# Noel Street Baths, Nottingham



## nickyw_uk (Apr 14, 2010)

I work at a leisure centre in the graphic design department, but today I got sent off to help pilfer a load of stuff from another leisure centre that's closed.

I've never been to this other leisure centre when it was open, so I thought it might be good fun to go and have a look round and see what things I could get my hands on.

As it was sprung on me this morning, I didn't have chance to take my camera, which was sooooooo annoying because the place was amazing!

There are two pools, one large one for regular swimmers and one smaller one for training purposes. The large pool had been completely drained, so I got to go down into it, but the smaller one still had water in it.

The building dates back to the 1920's and is listed. It's got loads of rooms and a HUGE basement area where the boilers are. I only had 2 hours to get everything out and also had the big boss with us, so I couldn't do too much exploring without getting into trouble.

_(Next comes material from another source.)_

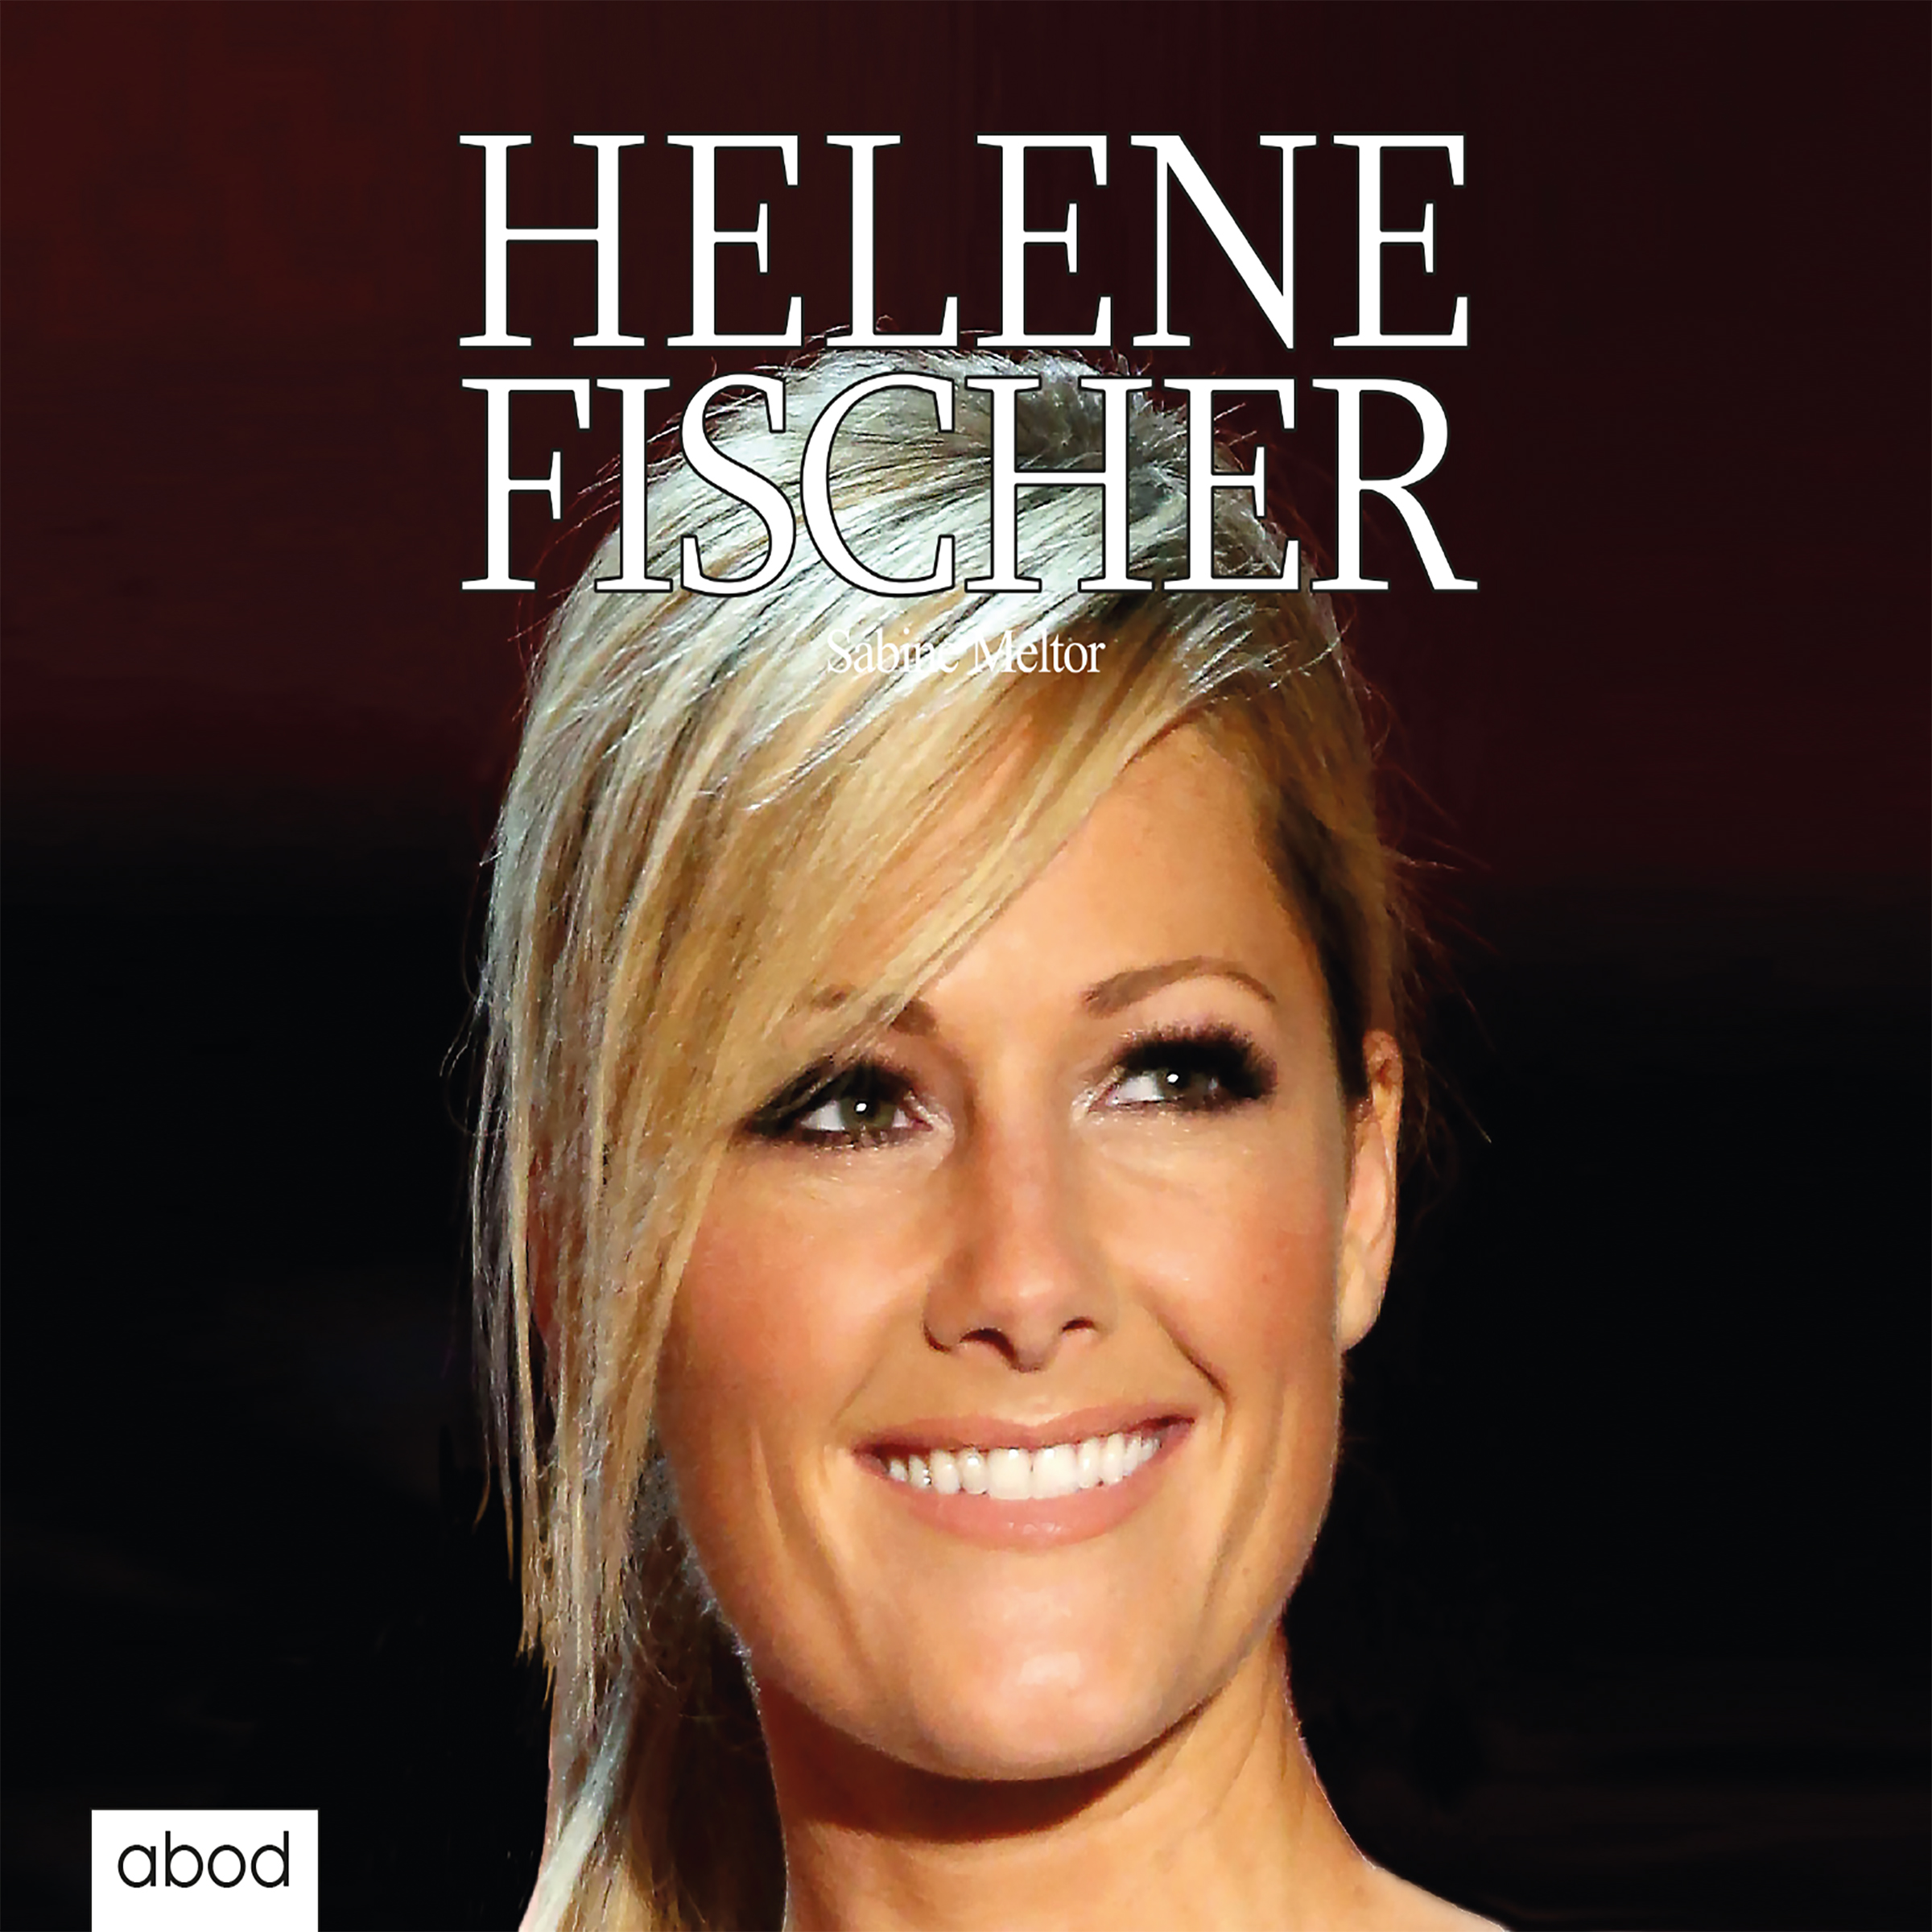 Helene Fischer - Sabine Meltor [Audio CD]
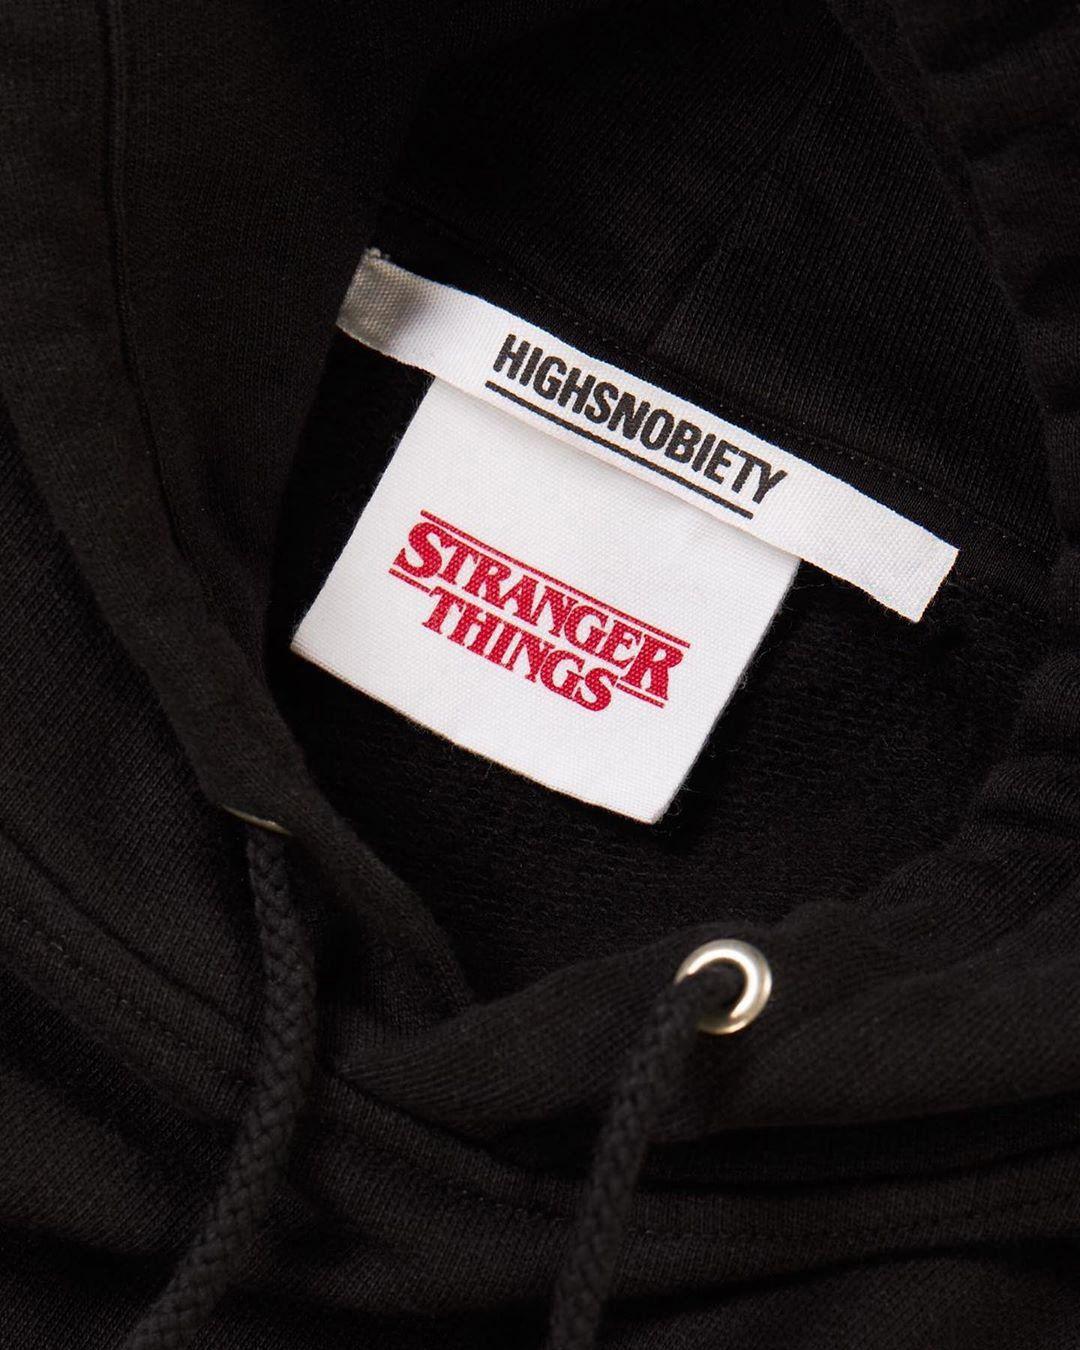 Stranger Things 3 x Highsnobiety Ahoy Hoodie - Black - Image 4

I took these photos on my phone, so they aren't brilliant. I had to take some to show how cool the place is. I would love to go back there with my SLR, but I don't think we can go back. I think Nottingham City Council were closing it up for good after we'd finished.

The place has been bought by a climbing centre who are going to erect a climbing wall inside the pool. They are gonna have to do some pretty serious restoration to the interior of the building too, 'cause it's really run down. When they've settled in and open for business, I'll go and have a look round


----------



## Goldie87 (Apr 15, 2010)

Thats fantastic to see, there can't be many old swimming baths like that left here in the east mids. Lets hope it gets looked after by the new owners.


----------



## The_Revolution (Apr 15, 2010)

Good effort, even with a phone camera.

I assume this will become a building site sooner, rather than later.


----------



## godzilla73 (Apr 16, 2010)

I wonder what the rules would be with regard to the listing? As I understand it, if it is listed, they can't change the exterior of it at all, and have to be quite careful about what they do to the original features inside. Does anyone else know about this?
GDZ


----------



## possessed (Jul 13, 2010)

I used to go there for swimming lessons as a kid, so seeing that brought back memories of when I was aged about 8 or 9.


----------



## Kaputnik (Jul 13, 2010)

godzilla73 said:


> I wonder what the rules would be with regard to the listing? As I understand it, if it is listed, they can't change the exterior of it at all, and have to be quite careful about what they do to the original features inside. Does anyone else know about this?
> GDZ



The place i go indoor climbing in derby is based in a formerly derelict, and listed church, and the climbing centre was built inside it with very minimal alteration to the structure of the place, and saved the place from further vandalism and possible demolition, so i guess the same is being done here, work should be underway now, their website says the Noel st site is opening in Sept this year, i'm looking forward to seeing the place when it's done.


http://www.nottingham-climbing.co.uk/html/ncc.htm


----------



## johno23 (Jul 13, 2010)

Nice discovery and good photos,like the look of that very interesting looking basemant area
Glad to hear that positive plans are in place as opposed to the usual demolition.
Well worth a return visit IF???you get the chance I would say.


----------



## BrimstoneWarrior (Jul 14, 2010)

Cracking photos, Its good to see that its in such good nick. Minor Vandalism as of yet.


----------



## TranKmasT (Jul 22, 2010)

I like the array of shovels in picture 10. Primarily use of course to retract floaters from the pool surface.


----------



## Jennywren (Jul 22, 2010)

*Memories*

I think my Mum (born 1918) learnt to swim here. I'll ask her next time I see her, show her your photographs and ask for some memories. I'm new here today and just cannot get over all this wonderful dereliction!


----------